RFR: 8325520: Vector loads with offsets incorrectly compiled
Emanuel Peter
epeter at openjdk.org
Mon Apr 15 07:27:01 UTC 2024
On Mon, 18 Mar 2024 12:20:34 GMT, Damon Fenacci <dfenacci at openjdk.org> wrote:
> # Issue
> When loading multiple vectors using offsets or masks (e.g. `LongVector::fromArray(LongVector.SPECIES_256, storage, 0, offsets, 0` or `LongVector::fromArray(LongVector.SPECIES_256, storage, 0, longMask)`) there is an error in the C2 compiled code that makes different vectors be treated as equal even though they are not.
>
> # Causes
> On vector-capable platforms, vector loads with masks and offsets (for Long, Integer, Float and Double) create specific nodes in the ideal graph (i.e. `LoadVectorGather`, `LoadVectorMasked`, `LoadVectorGatherMasked`). Vector loads without mask or offsets are mapped as `LoadVector` nodes instead.

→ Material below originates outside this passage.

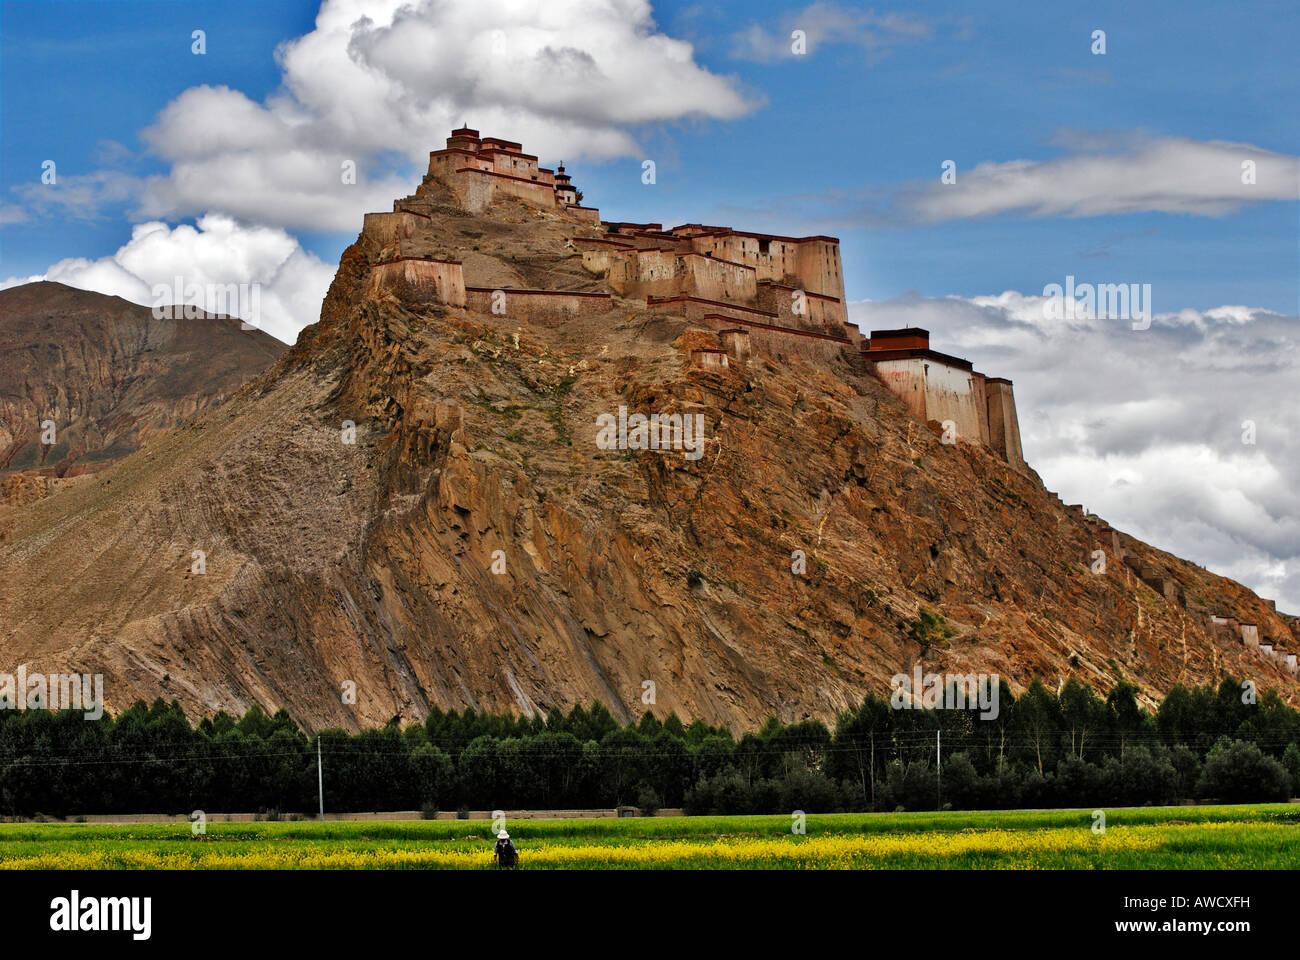 Dzong fortress, Gyantse, Tibet - Stock Image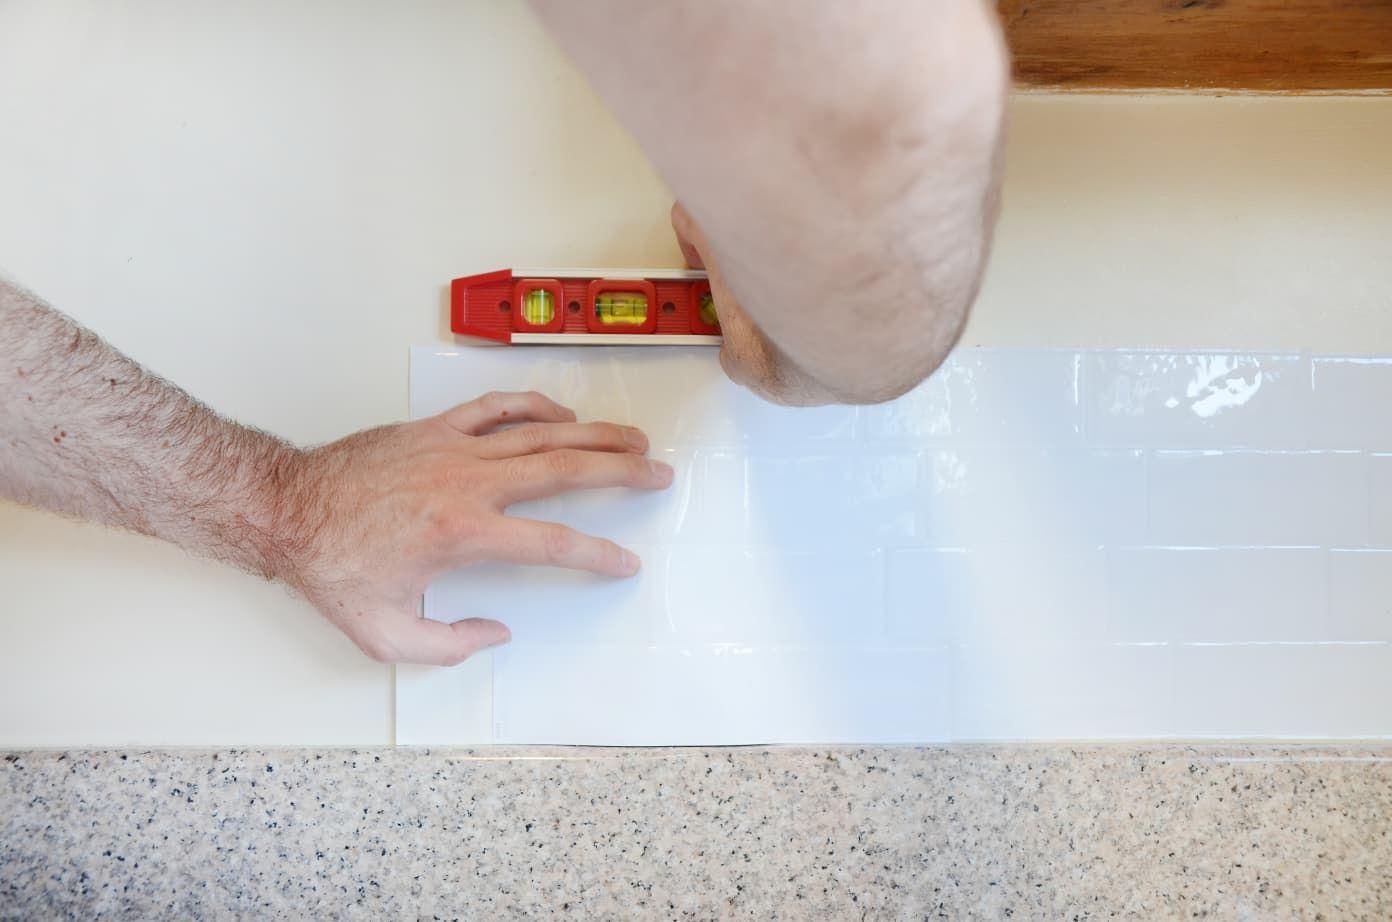 Not In Love With Your Backsplash We Tested Adhesive Removable Smart Tiles Smart Tiles Smart Tiles Backsplash Renter Friendly

> While running GVN loops, we can get to the situation in which there are multiple loads from the same address. If successive loads are deemed to be identical to the first one, they might get folded, which is what happens in the problematic examples of this issue. The check for identity happens in
> https://github.com/openjdk/jdk/blob/481c866df87c693a90a1da20e131e5654b084ddd/src/hotspot/share/opto/memnode.cpp#L1253
> This version of `Identity` is defined in `LoadNode` but it is also the one used by the subclasses `LoadVectorGather`, `LoadVectorMasked` and `LoadVectorGatherMasked`. Although this definition of `Identity` is enough for `LoadVector` nodes it is not sufficient for `LoadVectorGather`, `LoadVectorMasked` and `LoadVectorGatherMasked` ones, as the value being loaded also depends on the offsets and mask (different offsets and/or masks load completely different values). This is the reason why these nodes get folded even if they shouldn't.
>
> # Solution
> `LoadVectorGather`, `LoadVectorMasked` and `LoadVectorGatherMasked` need their own version of the `Identity` method, which specialize `LoadVector::Identity` by restricting the results to nodes that also have the same offsets and masks.
>
> The same issue exists for _StoreVector_ nodes (i.e. `StoreVectorScatter`, `StoreVectorMasked` and `StoreVectorScatterMasked`). So, `Identity` has to be redefined there as well.
>
> Regression tests for all versions of `Load/StoreVectorGather/Masked` have been added too.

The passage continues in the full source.